In the next chapter, you’ll begin working with real-world messy data — and the skills you learned here will make that much easier to manage.

8.7 Exercise: Exploring COVID-19 Data in Colleges

In the previous chapter’s exercise, you imported COVID-19 data related to U.S. colleges and universities using the New York Times dataset. Let’s now build on that by exploring and interacting with the structure of the DataFrame.
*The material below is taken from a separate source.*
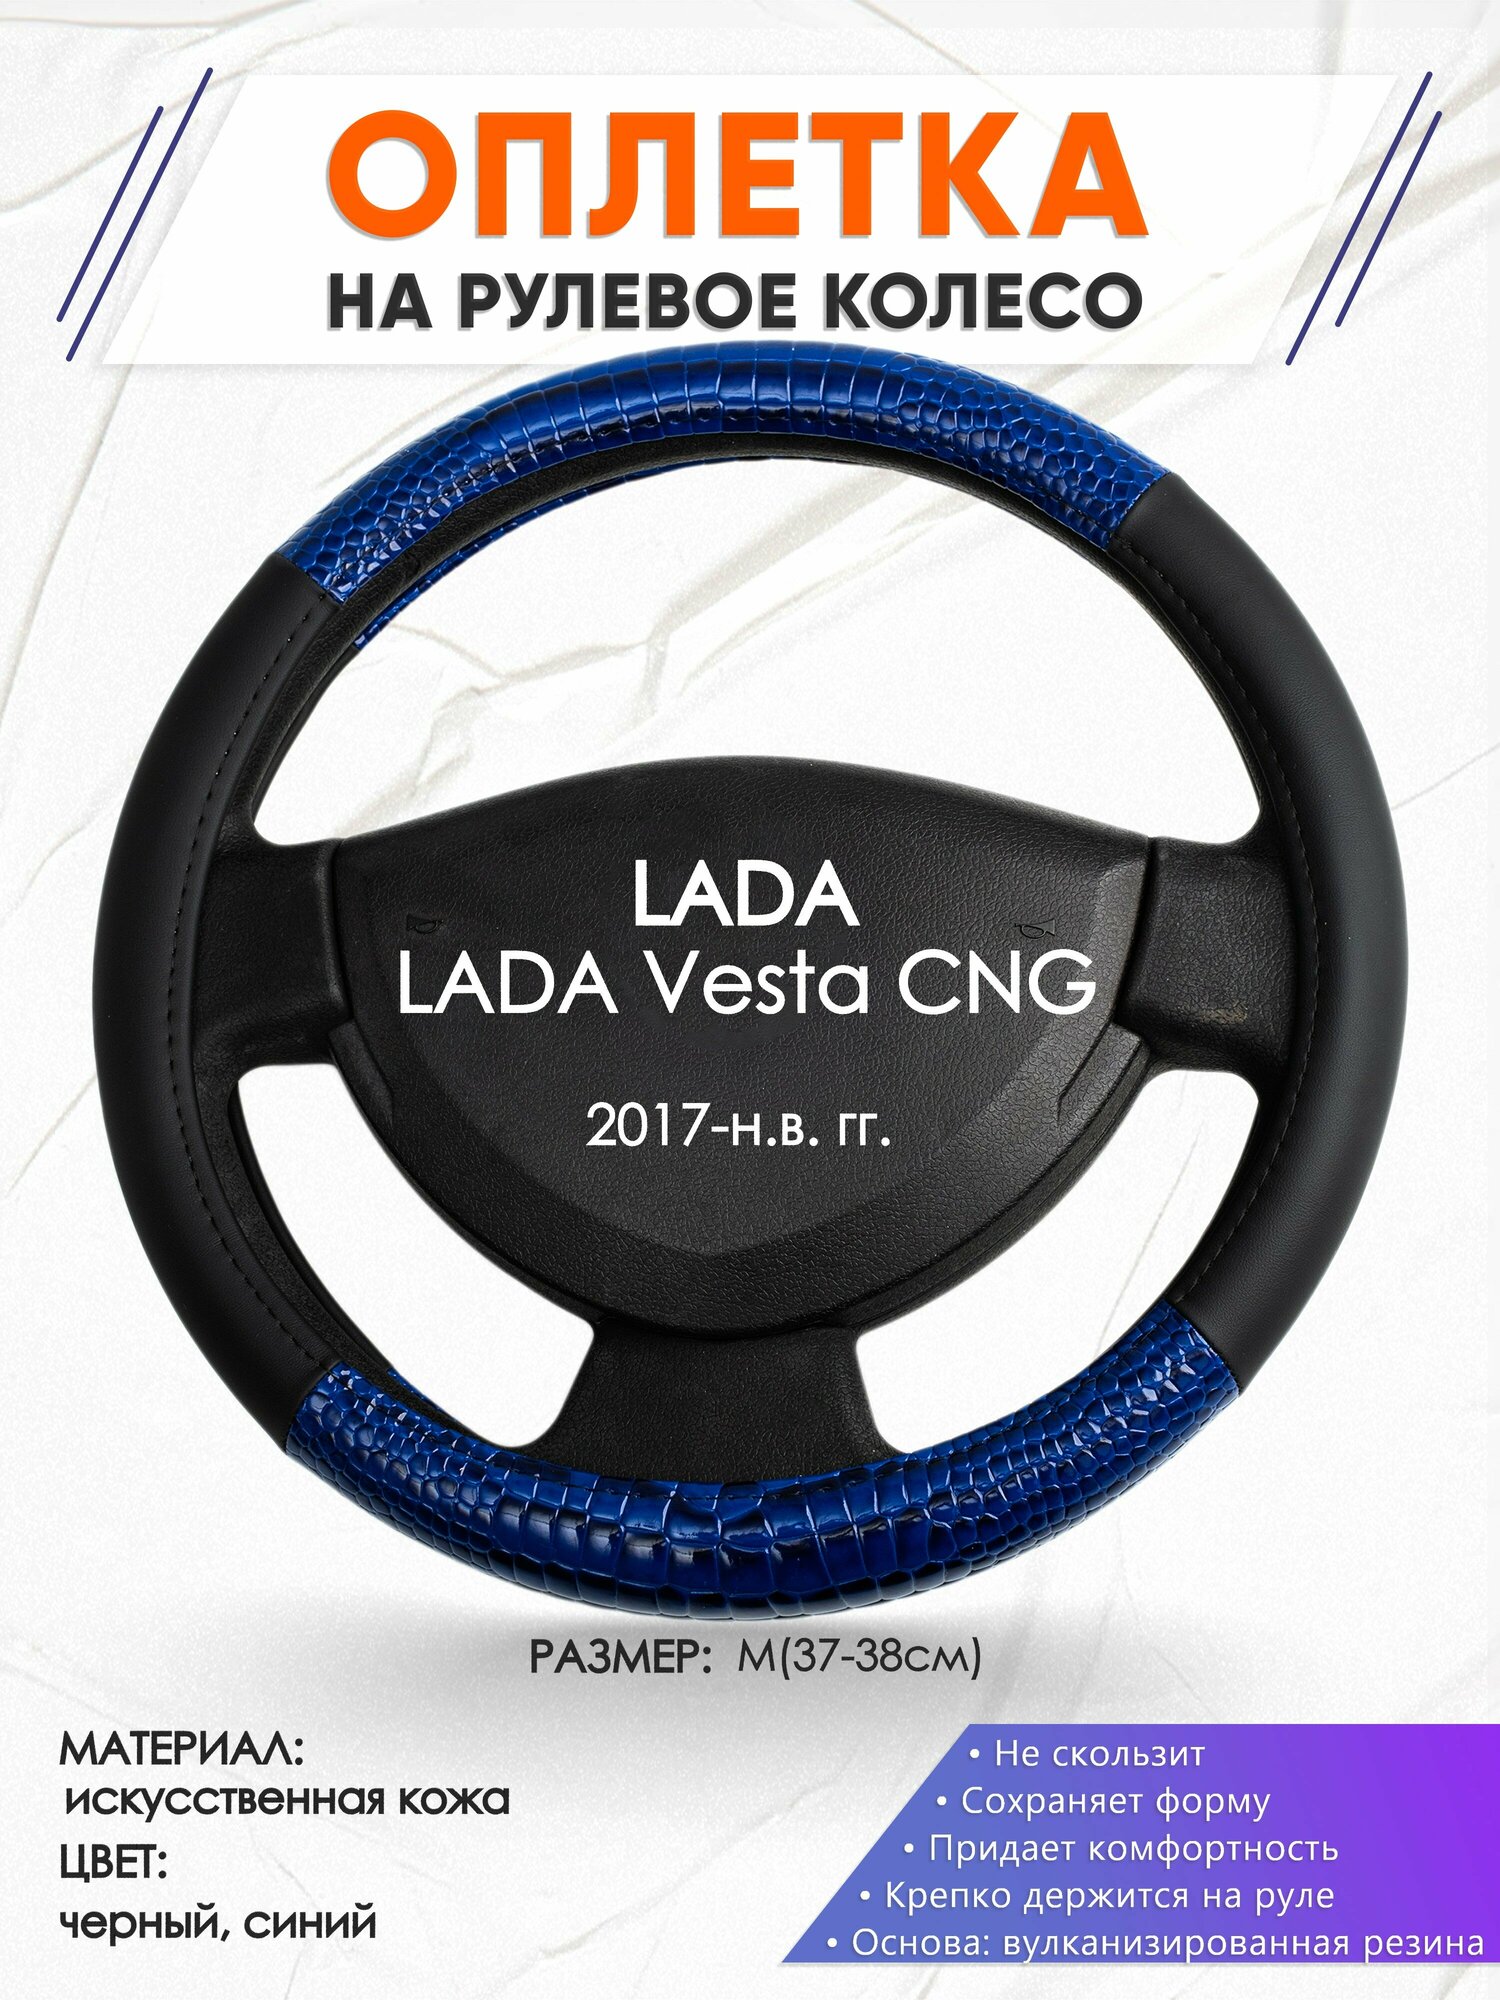 Оплетка наруль для LADA Vesta CNG(Лада Веста) 2017-н. в. годов выпуска, размер M(37-38см), Искусственная кожа 82

You can access the data again from this link: https://github.com/nytimes/covid-19-data/blob/master/colleges/colleges.csv

Step 1: Load the data

import pandas as pd

url = "https://raw.githubusercontent.com/nytimes/covid-19-data/master/colleges/colleges.csv"
covid = pd.read_csv(url)
covid.head()

	date	state	county	city	ipeds_id	college	cases	cases_2021	notes
0	2021-05-26	Alabama	Madison	Huntsville	100654	Alabama A&M University	41	NaN	NaN
1	2021-05-26	Alabama	Montgomery	Montgomery	100724	Alabama State University	2	NaN	NaN
2	2021-05-26	Alabama	Limestone	Athens	100812	Athens State University	45	10.0	NaN
3	2021-05-26	Alabama	Lee	Auburn	100858	Auburn University	2742	567.0	NaN
4	2021-05-26	Alabama	Montgomery	Montgomery	100830	Auburn University at Montgomery	220	80.0	NaN

Step 2: Working with the data

What is the current shape of the DataFrame? How many rows and columns does it have?
Use .info() to inspect the column names and data types. Are any of them unexpected?
Select the column containing cumulative cases (cases) and check its type and structure. Is it a Series or a DataFrame?
Try the following covid['cases'].sum(). What does this output represent? Try some other summary statistics. We’ll cover more summary statistics and aggregation methods in the next few chapters.

Step 3: Set and reset the index

What kind of index does the full covid DataFrame currently use?
Would any of the existing columns make a better index? If so, which one and why?
Set the ipeds_id column as the new index.
Use .loc[] to look up the row for where ipeds_id equals 201885 and report:
- Which university is this?
- What is the total number of cases?
Reset the index back to its original form.